=== Task brief ===
Output each entry that follows exactly. Images stay out.

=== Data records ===

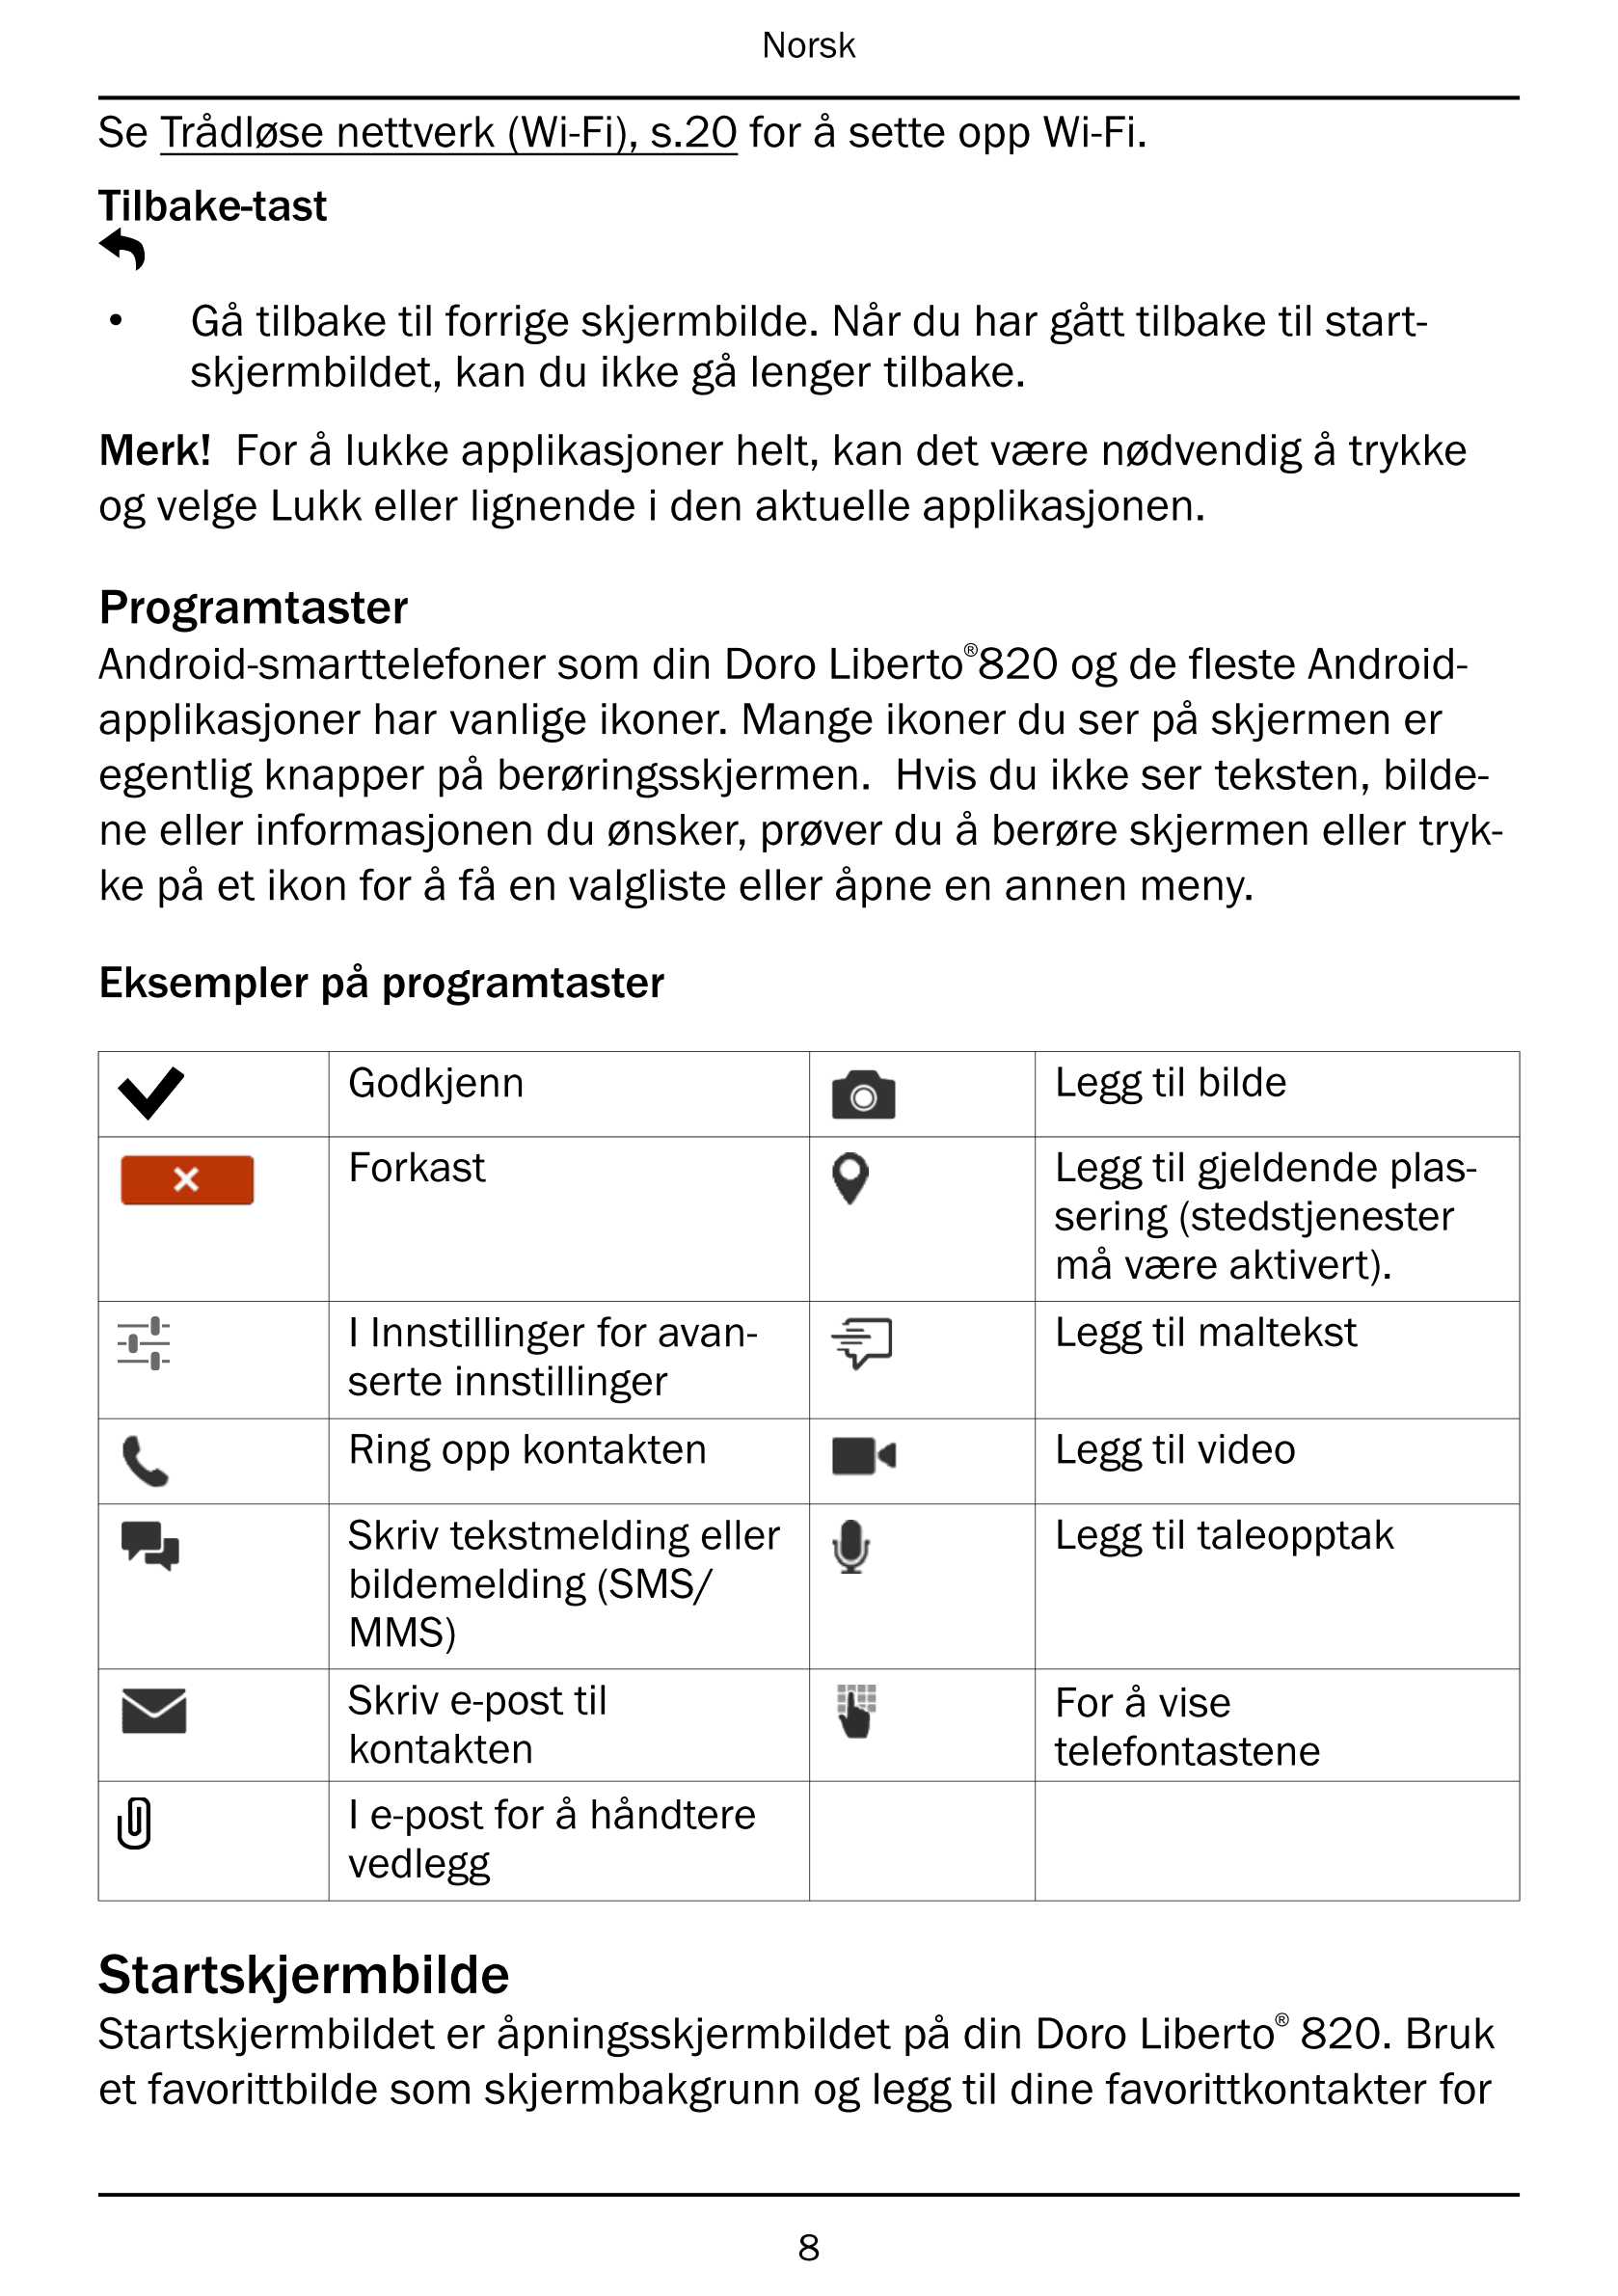 Norsk
Se Trådløse nettverk (Wi-Fi), s.20 for å sette opp Wi-Fi.
Tilbake-tast
• Gå tilbake til forrige skjermbilde. Når du har gå
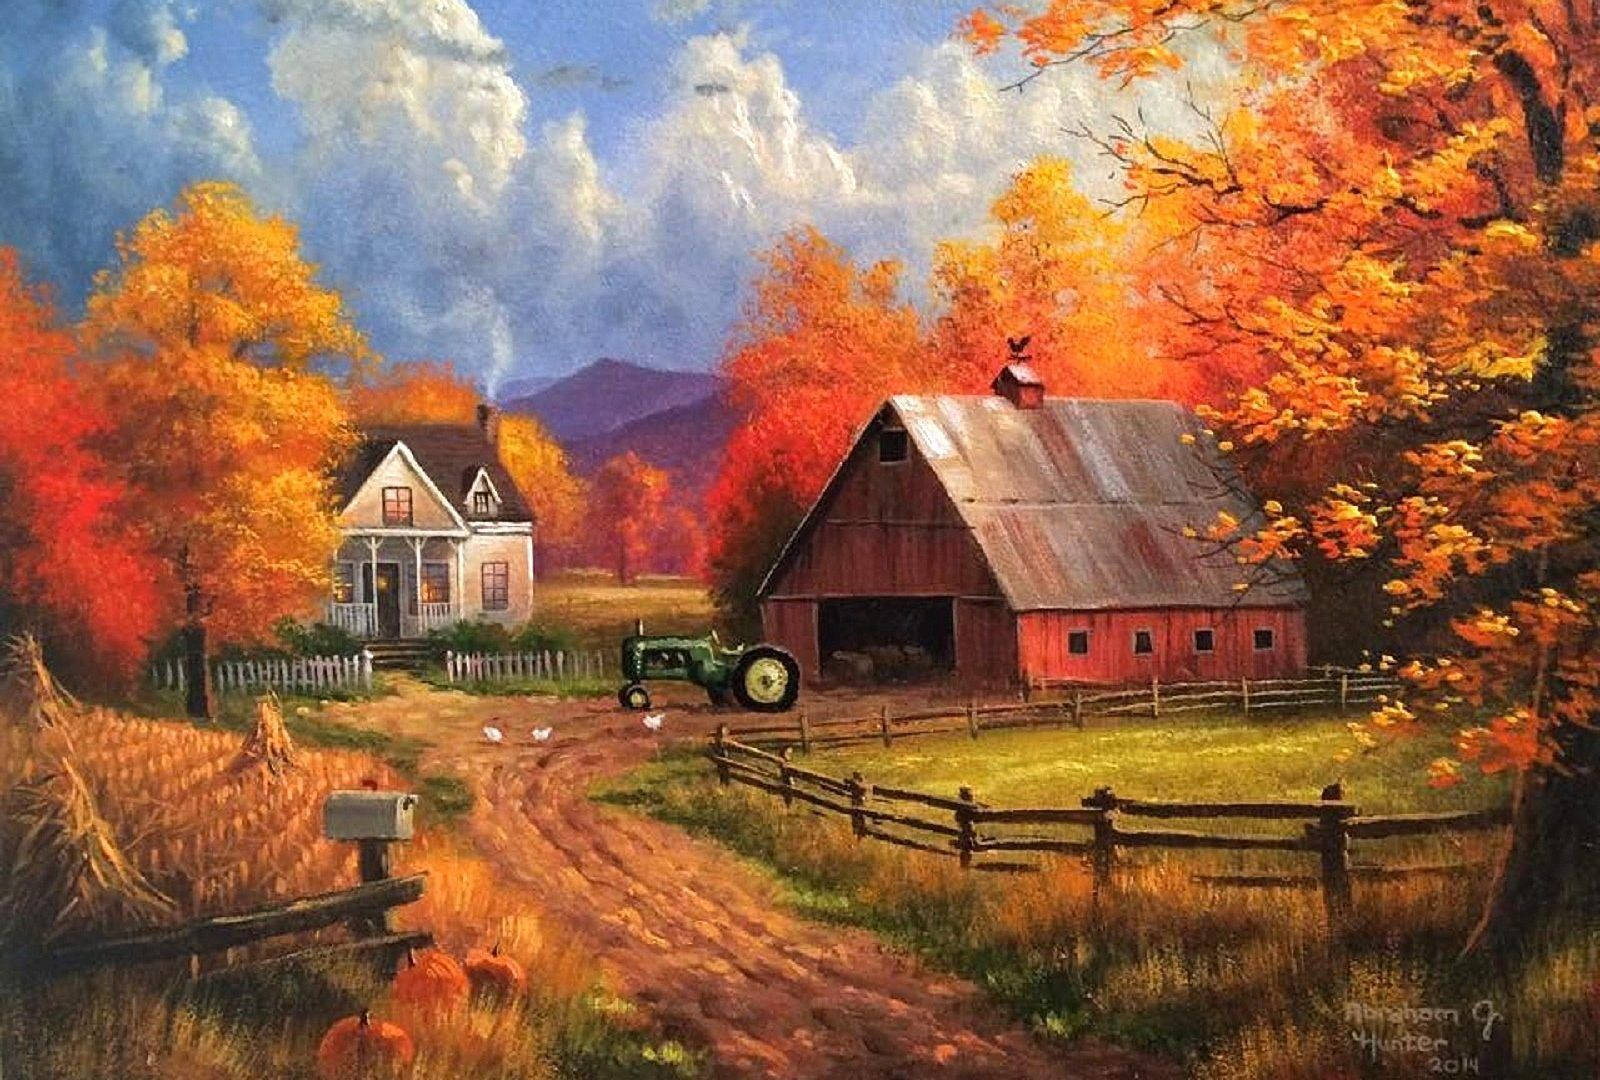 Et maleri af en gård med en rød lade og en traktor Wallpaper

=== Your response ===
 Norsk
Se Trådløse nettverk (Wi-Fi), s.20 for å sette opp Wi-Fi.
Tilbake-tast
• Gå tilbake til forrige skjermbilde. Når du har gå
 Et maleri af en gård med en rød lade og en traktor Wallpaper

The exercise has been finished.